### Dataset section
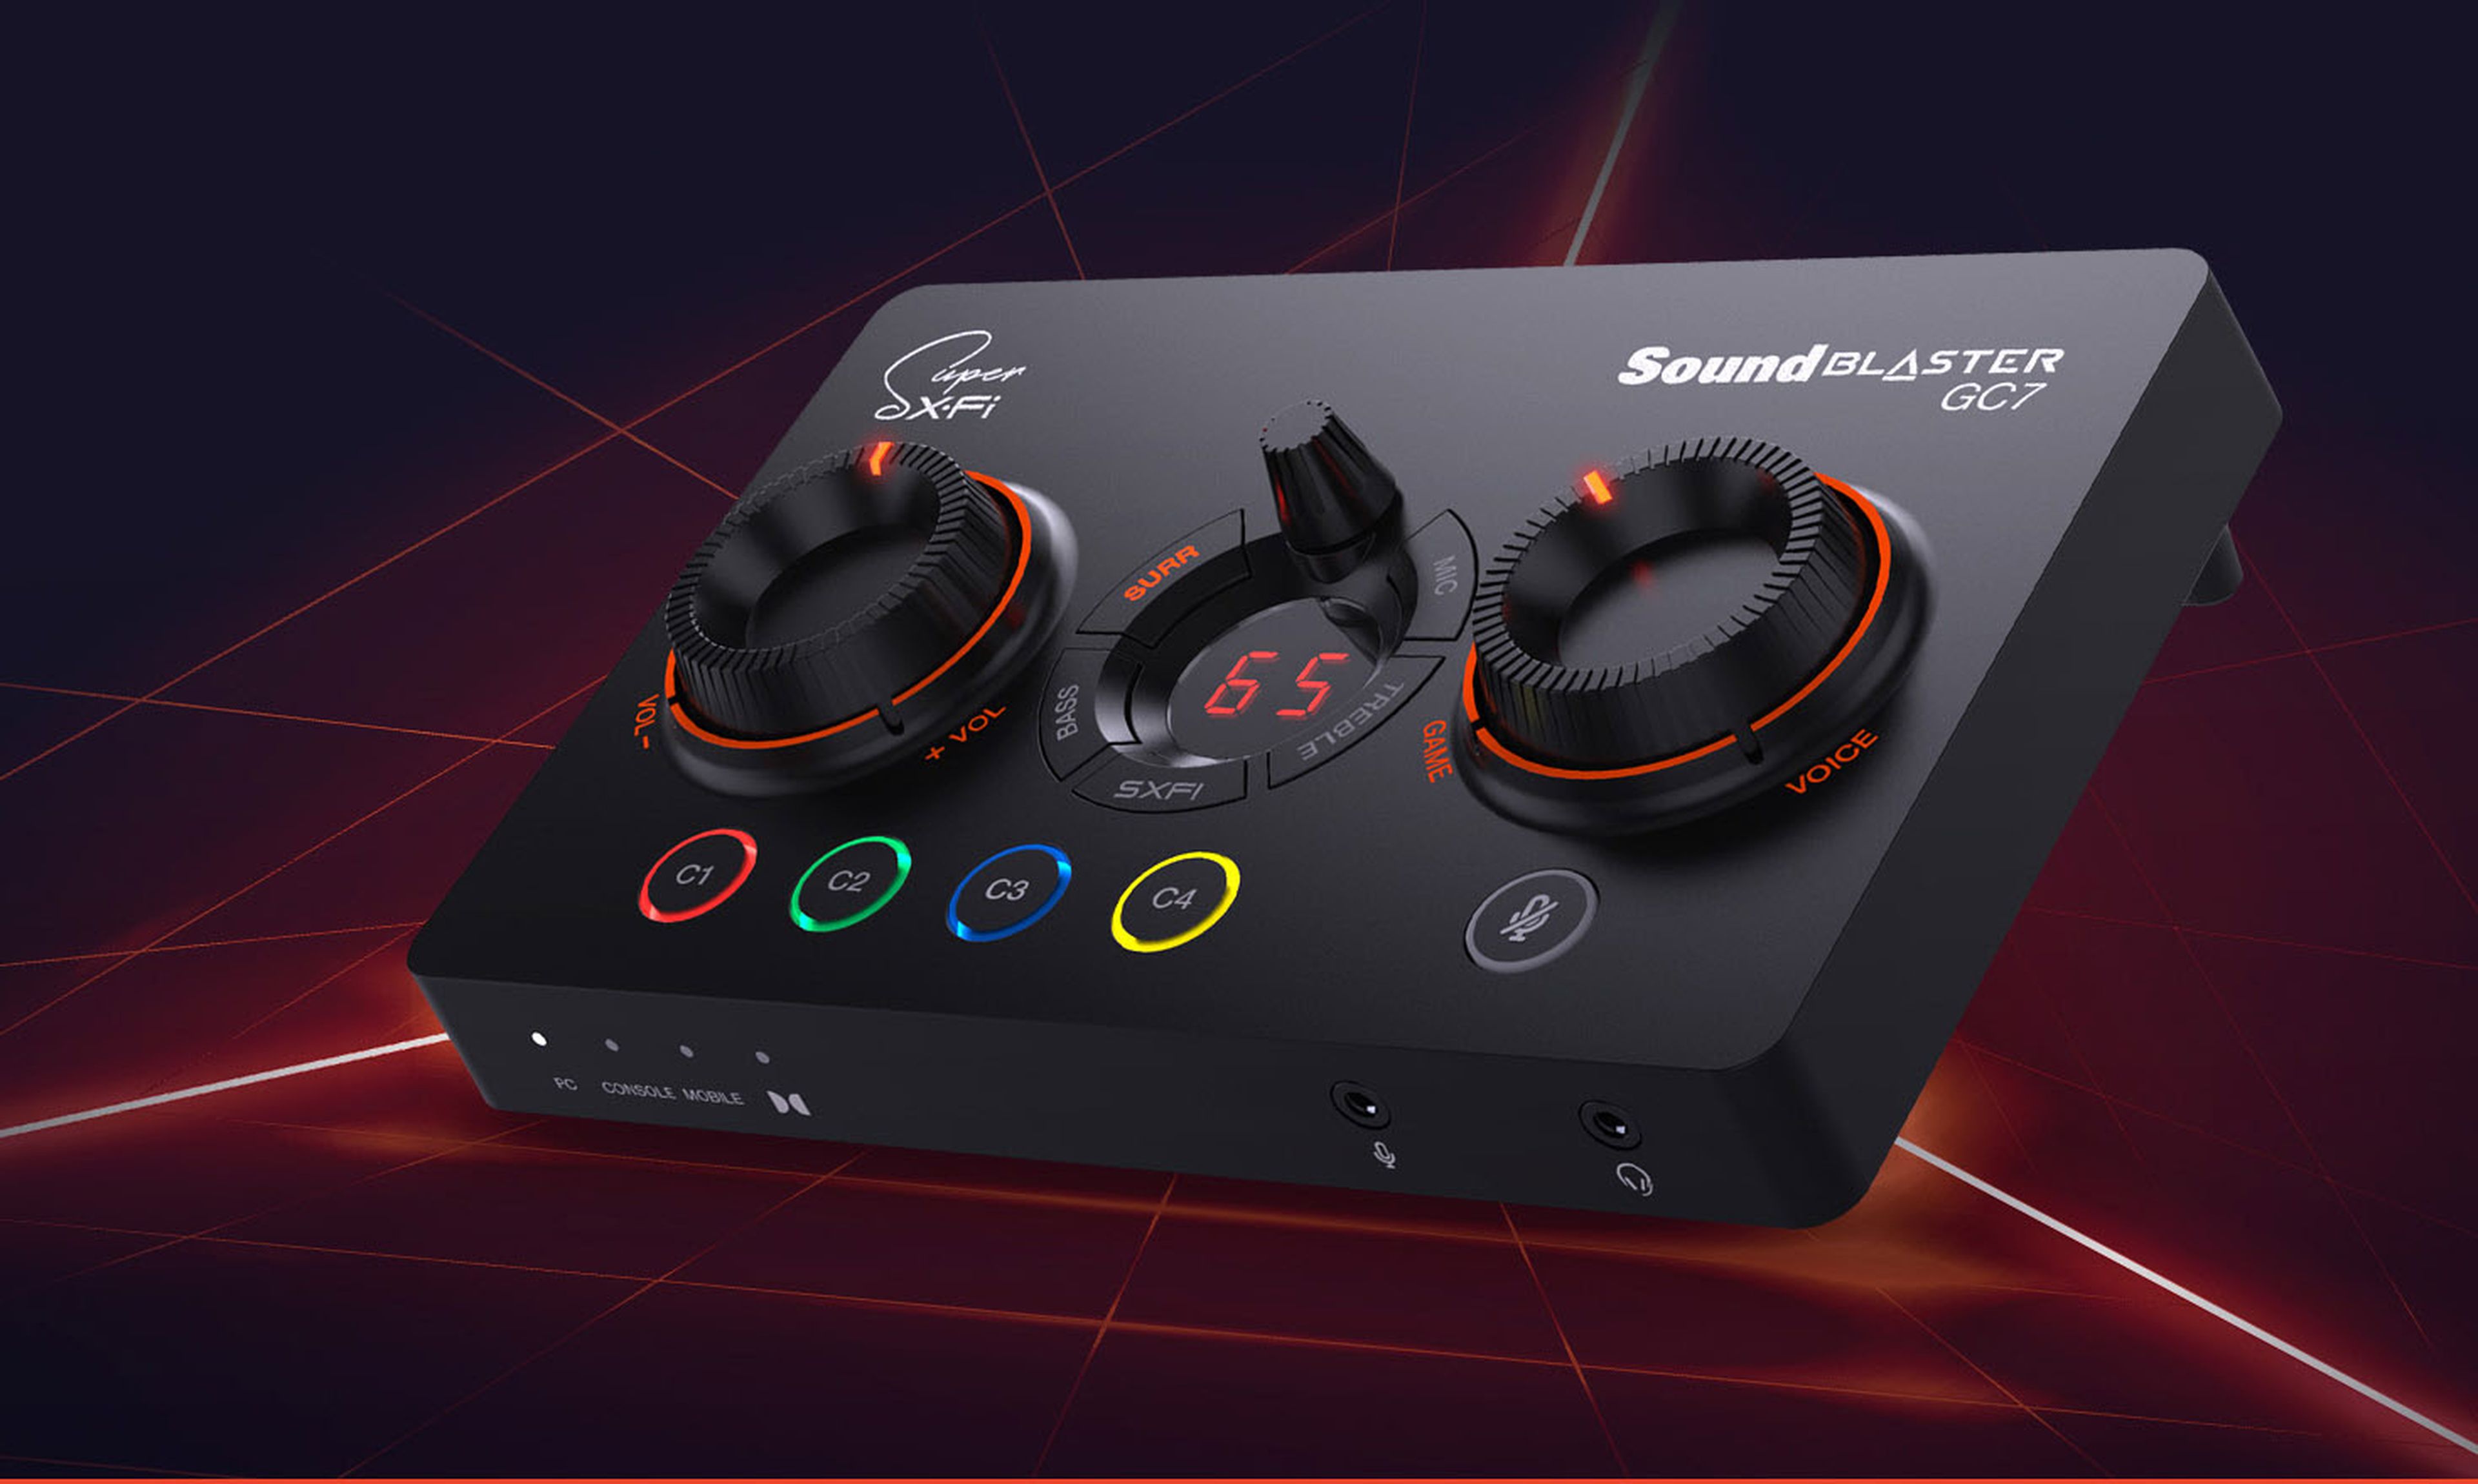 Análisis de Sound Blaster GC7, una nueva y versátil tarjeta gráfica de sonido  externa con controles físicos
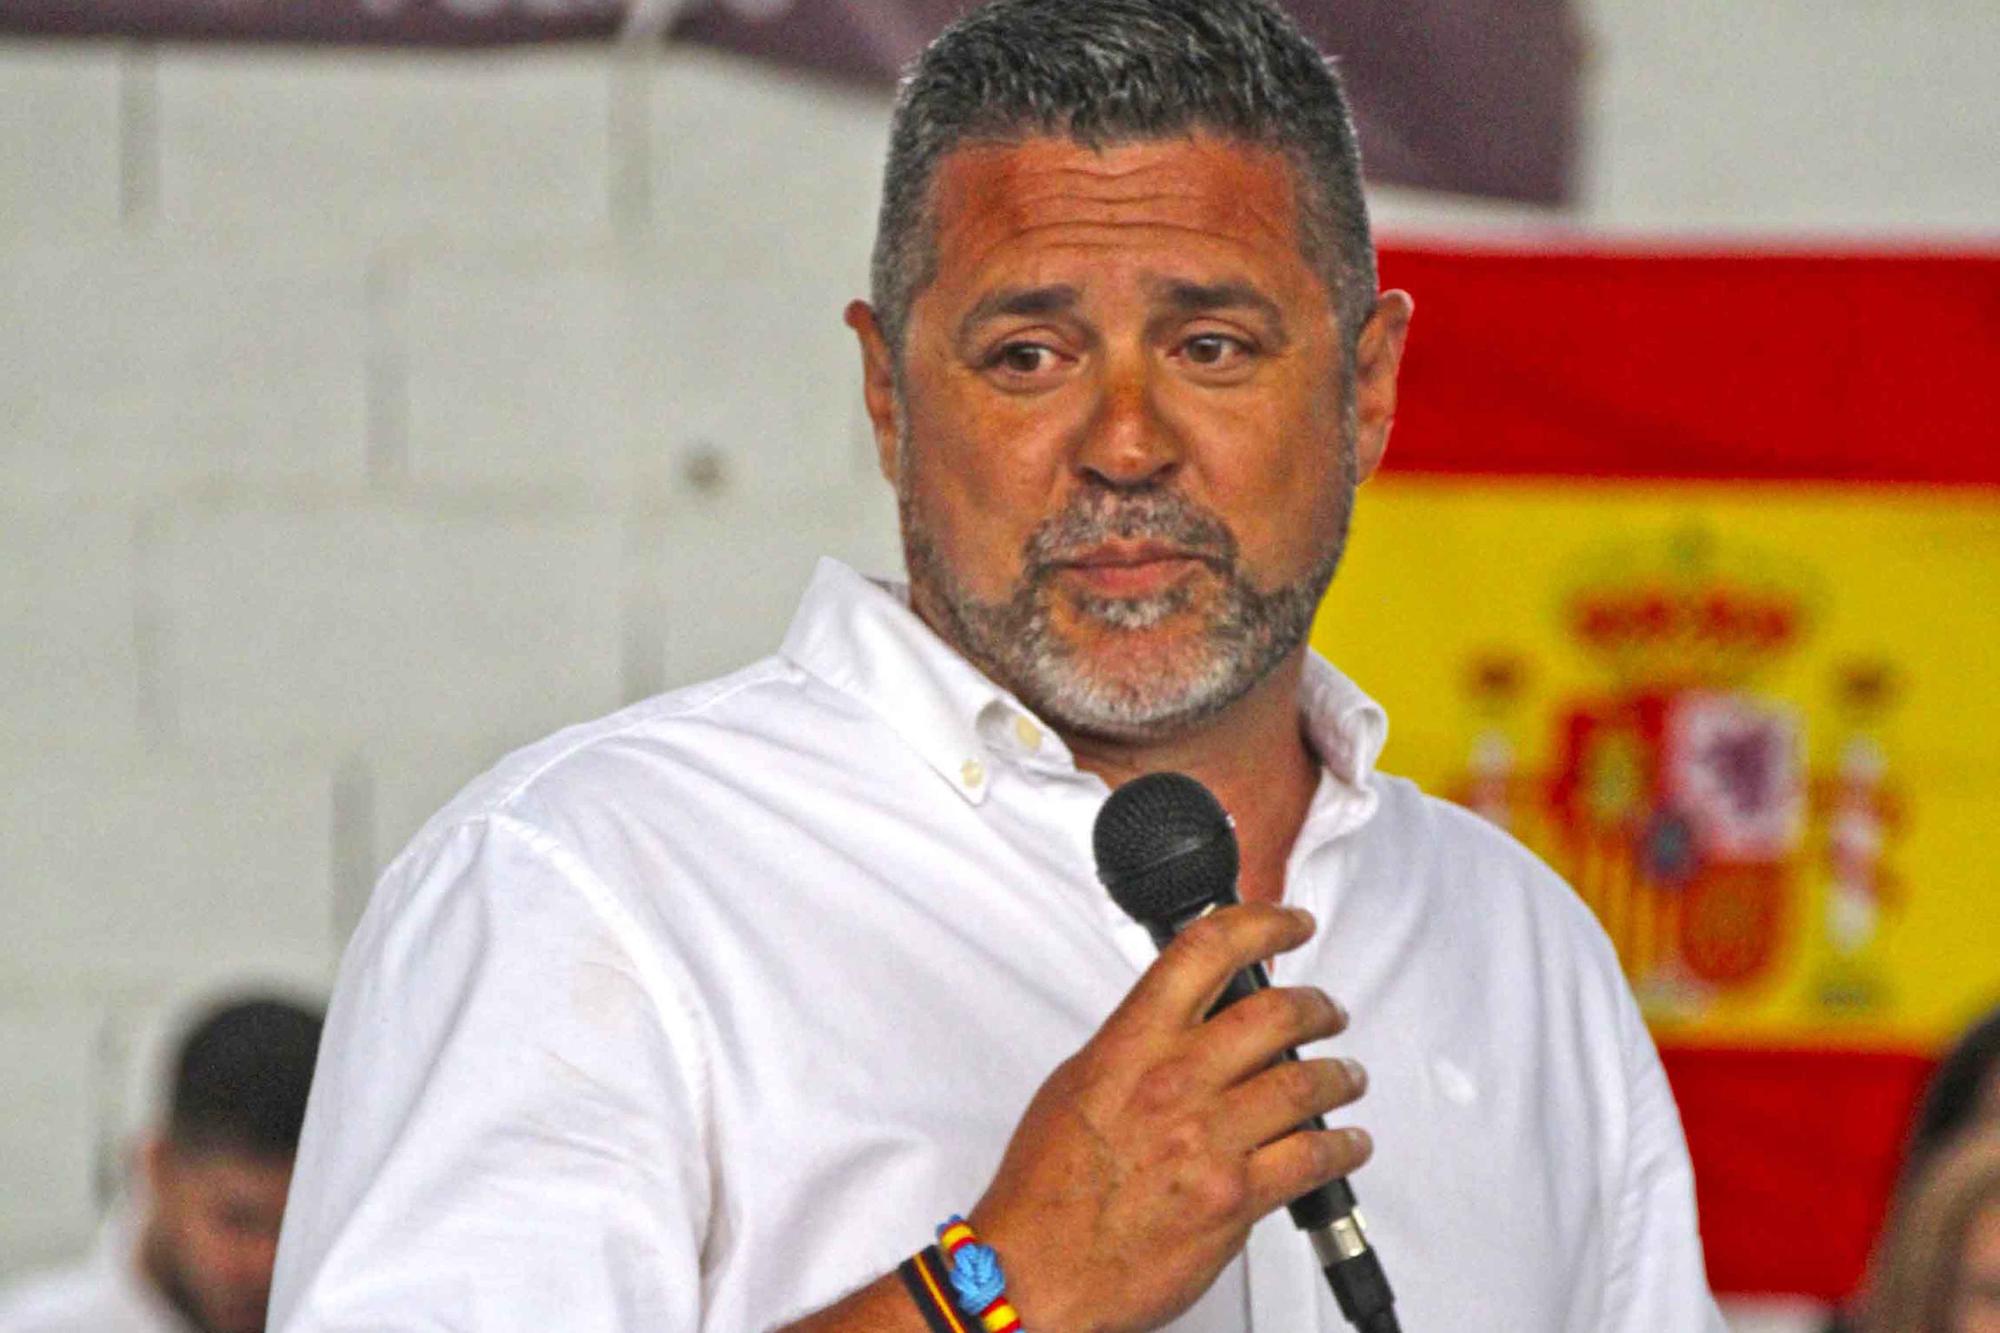 Contigo Sagunto-Puerto presenta su candidatura para las elecciones del 28M
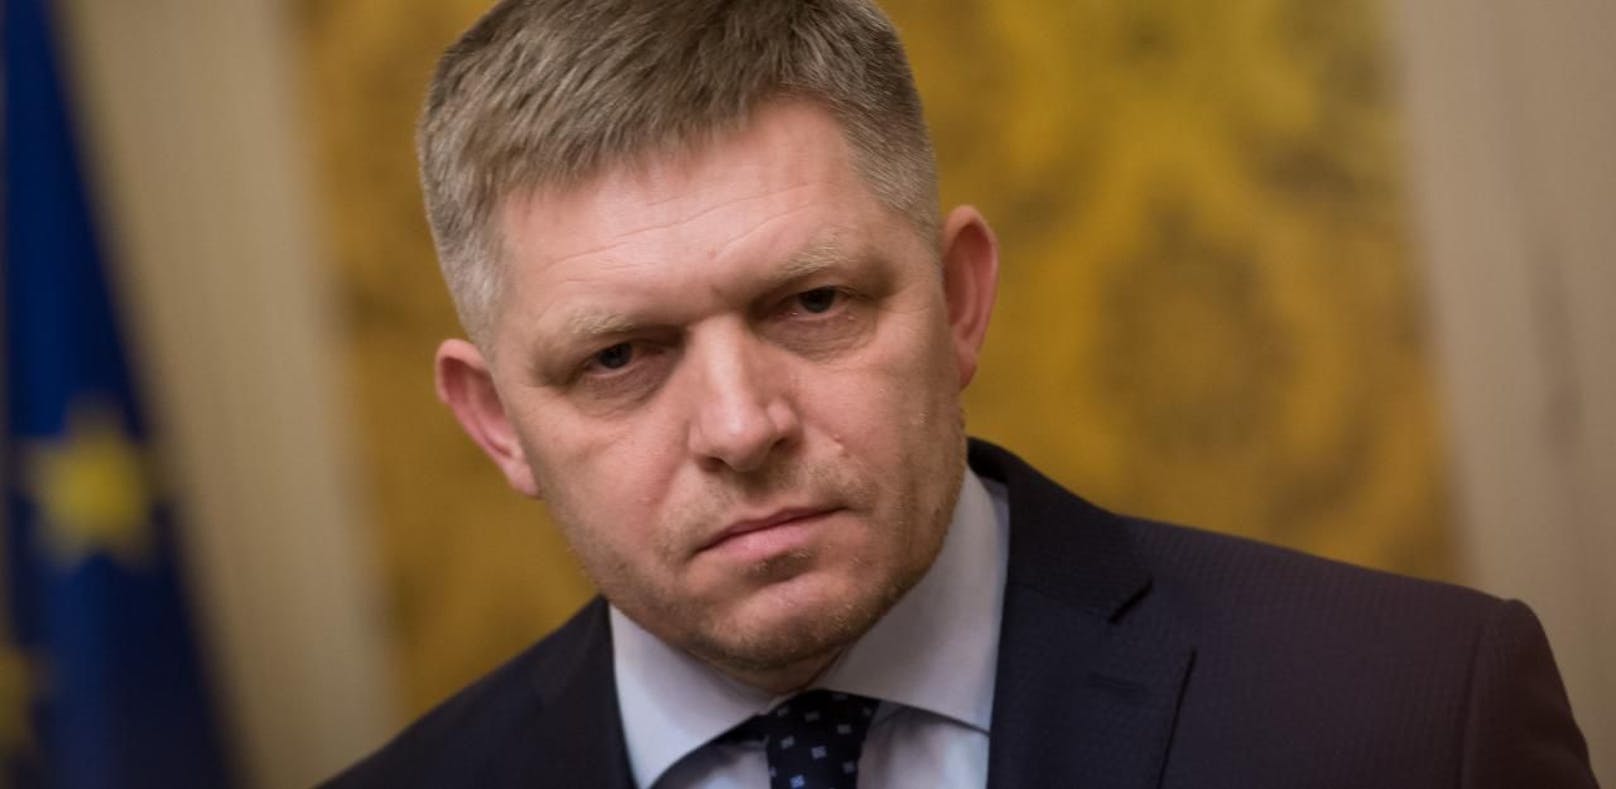 Slowakischer Premier Fico bietet Rücktritt an

### Your instructions
What the answer must hold is the exact text of every line from the one containing "Contigo Sagunto-Puerto presenta" through the end of the data, minus any pictures.

### Final answer
 Contigo Sagunto-Puerto presenta su candidatura para las elecciones del 28M
 Slowakischer Premier Fico bietet Rücktritt an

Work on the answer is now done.